There were fifty-four listener participants who completed this task. Because of technical issues, we had to discard eleven of these participants’ results, leaving forty-three participants whose data we used in the final analysis.4 The mean age of listeners was 22.8 years. As in the explicit measures task, all listeners completed a demographic questionnaire that included questions about their age, level of formal education, region of origin, the amount of time they have spent in the San Juan metropolitan area, and their linguistic background.

Stimuli

We used two sets of stimuli in this task. The first set, used in the priming phase, was made up of the same six article-noun combinations used in the explicit methods perception task (described earlier).

The second set, used in the test phase, was produced using an adaptation of a matched-guise design (Lambert et al. i960). Speakers produced three variations of the stimuli containing the variable of interest, the /s/ pronunciation.
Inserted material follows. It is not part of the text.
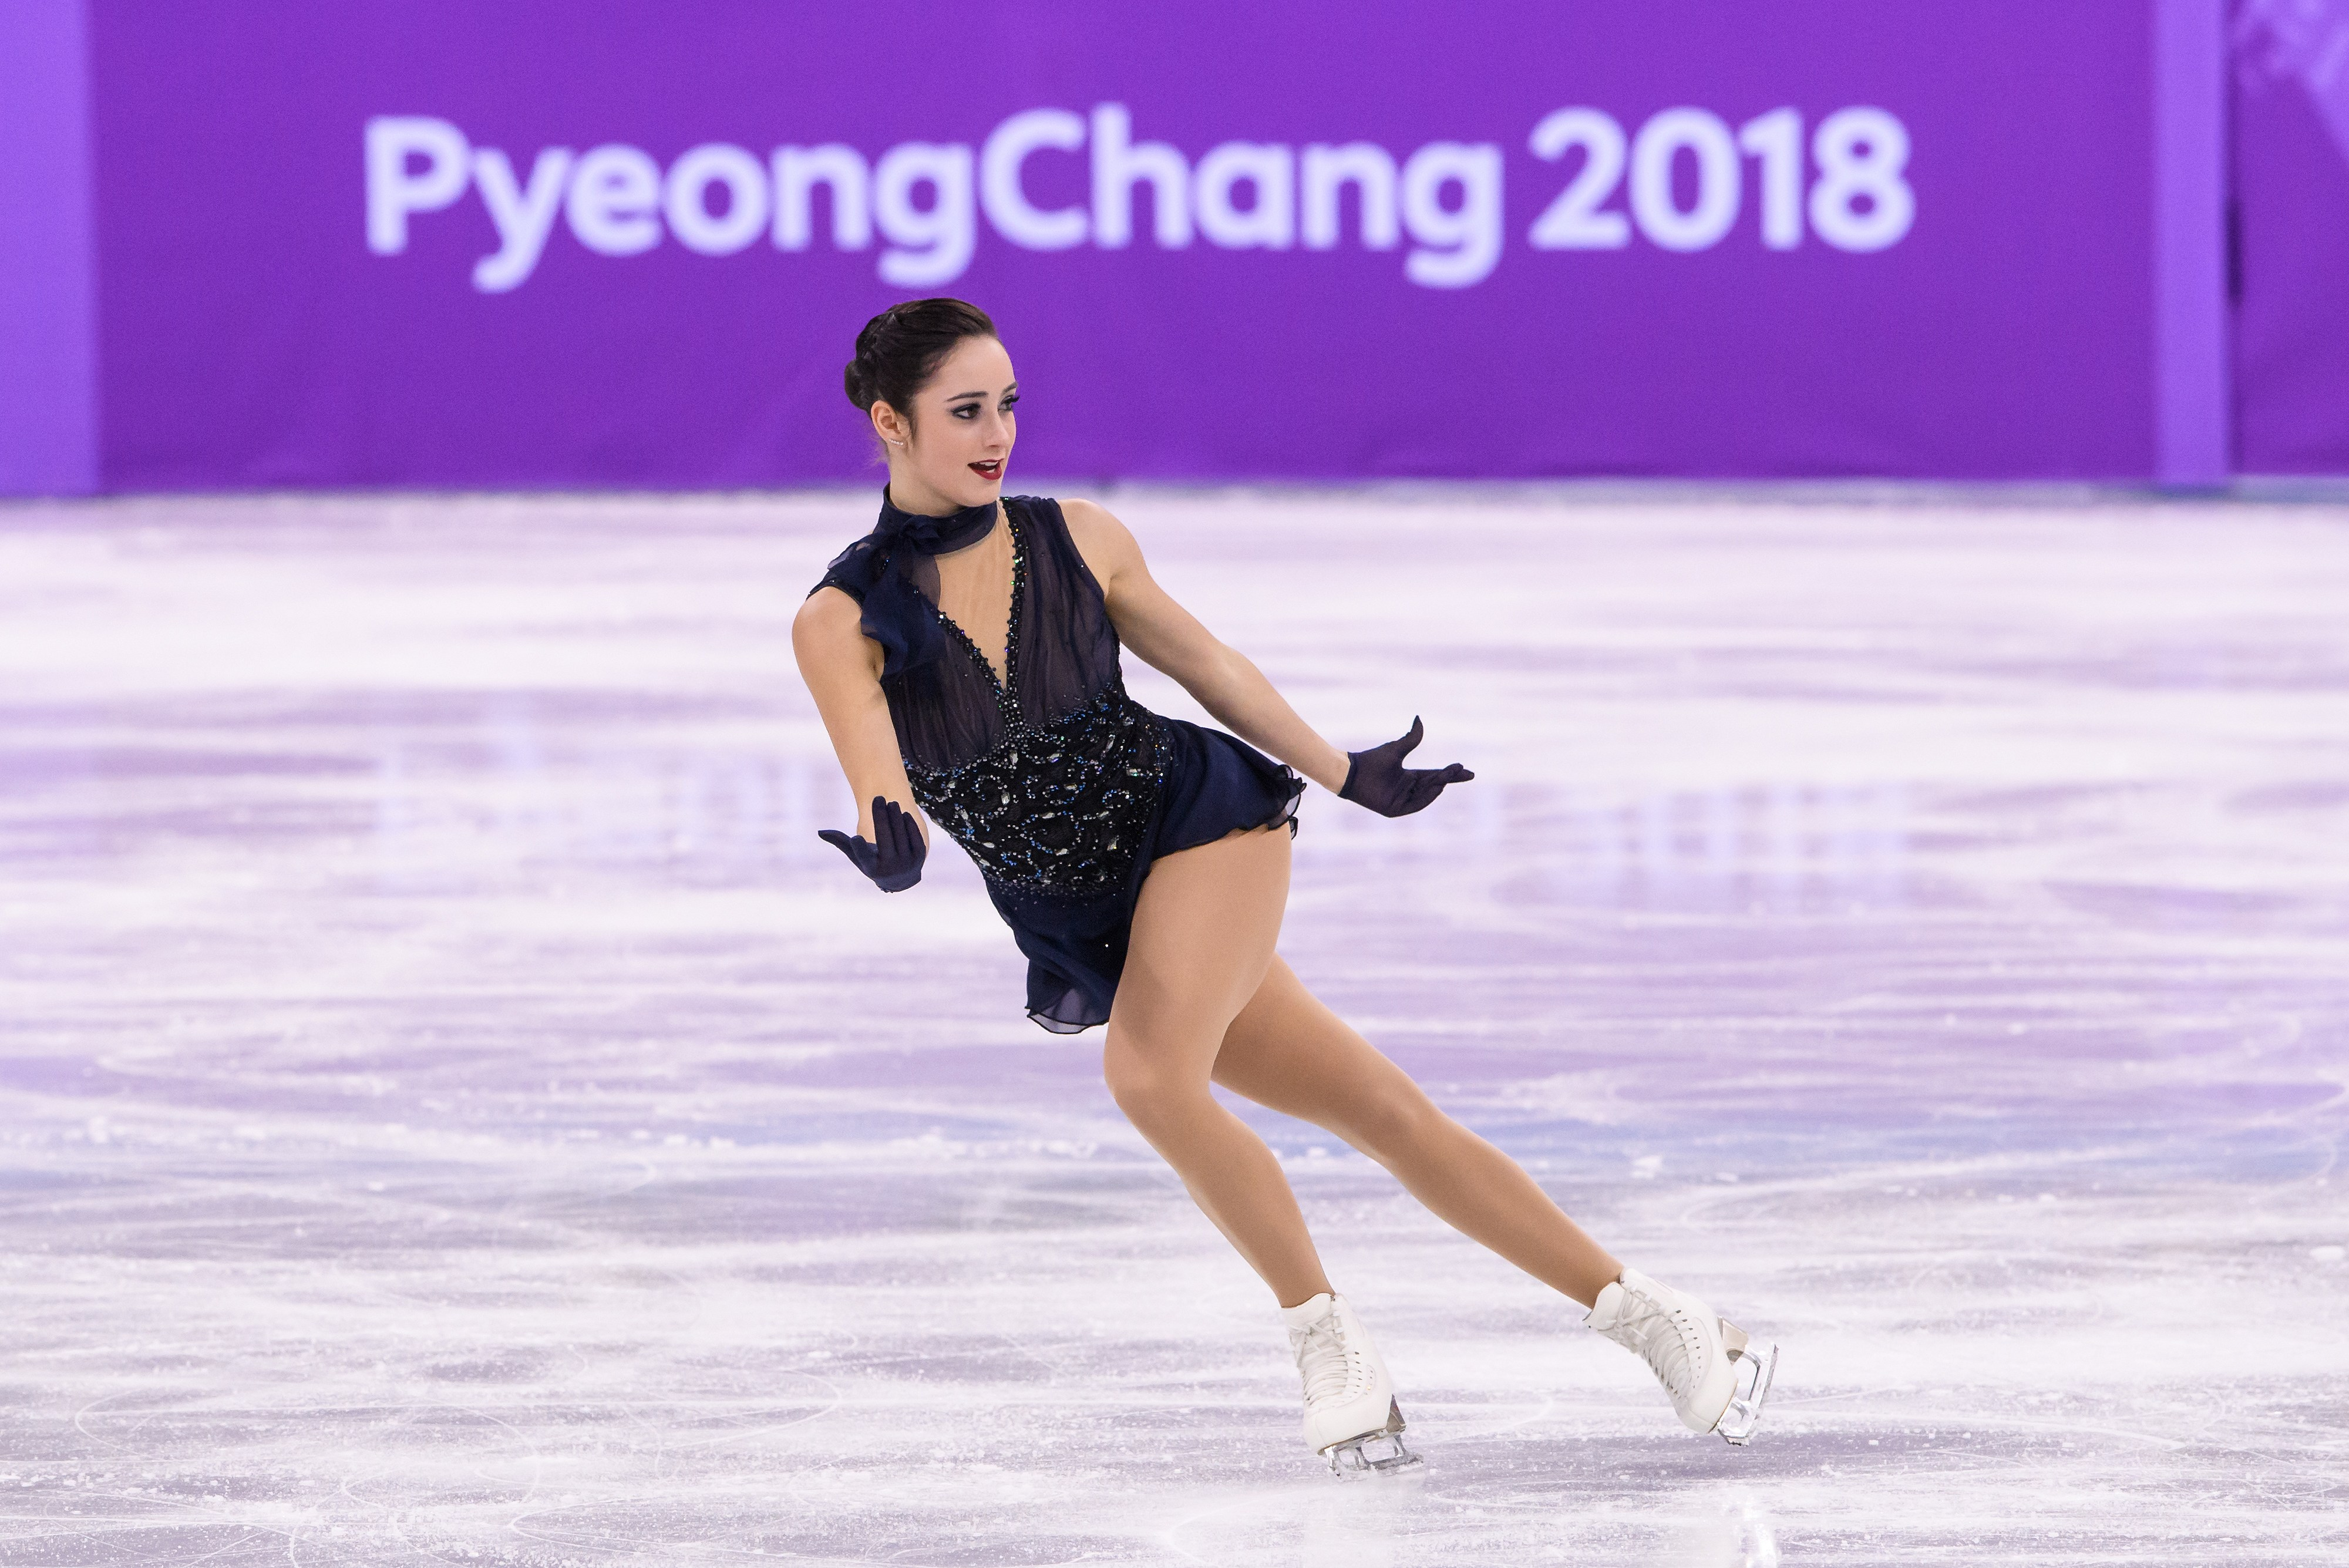 Team Canada Kaetlyn Osmond PyeongChang 2018 team event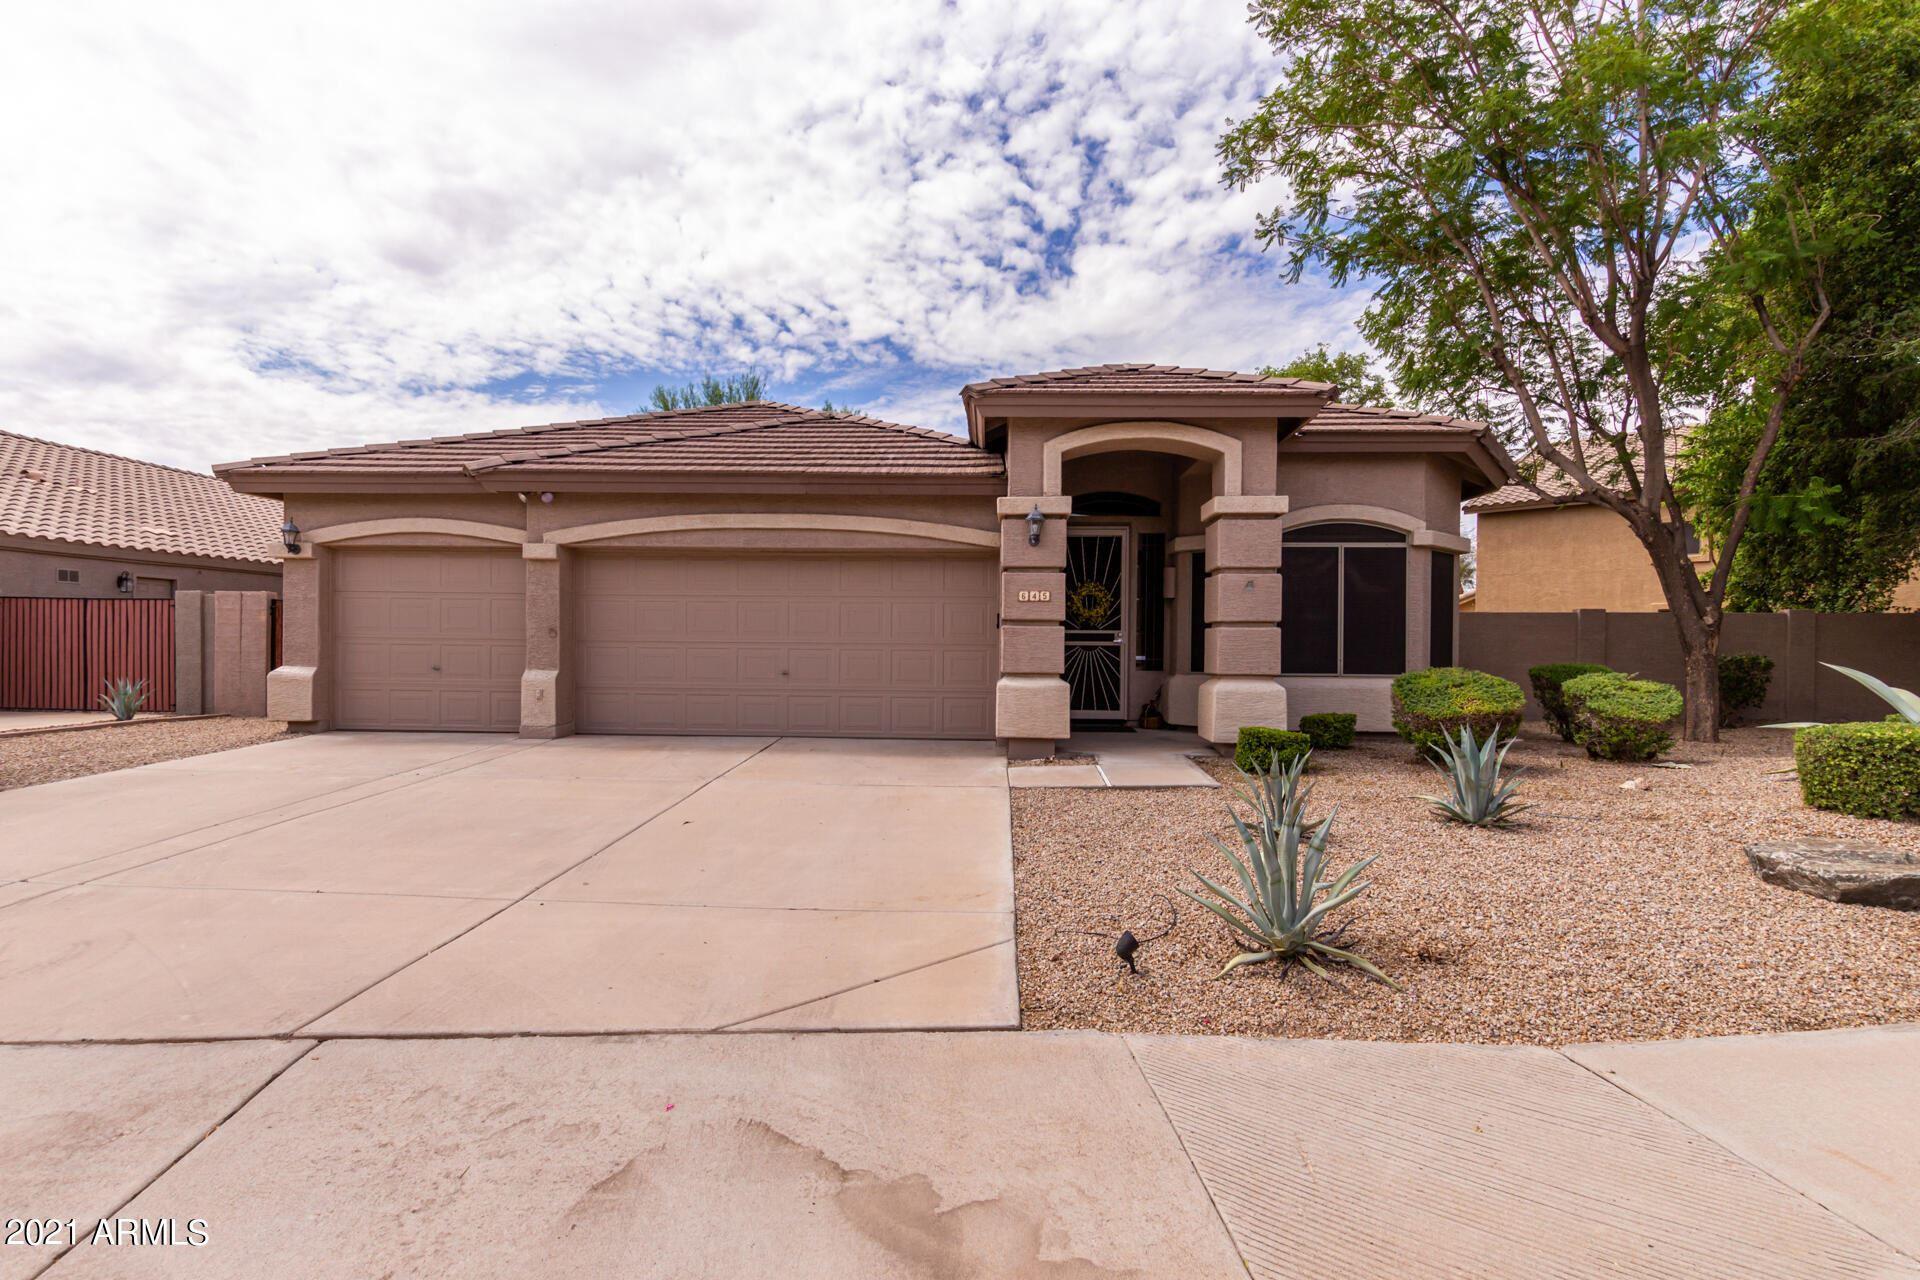 645 W MYRTLE Drive, Chandler, AZ 85248 - MLS#: 6268584

The test phase stimuli included two phrases:

(1) Estos chicos no vienen.

‘These boys aren’t coming’

(2) Estos coches no van.

‘These cars don’t run/don’t go.’

The speakers were instructed to read the phrase several times pronouncing each /s/ several times as [s], as [h], and by eliding all /s/. This method resulted in more natural sounding tokens as compared to digitally manipulated stimuli.

Using the mean scores from the explicit measures perception task, we identified the seven speakers evaluated as the most stereotypically straight-sounding and the seven speakers evaluated as the most stereotypically gay-sounding. We used these speakers’ stimuli as the test items in the voice recognition experiment; we used the stimuli that had been recorded by speakers who were not in either one of these groups as practice and distracter items.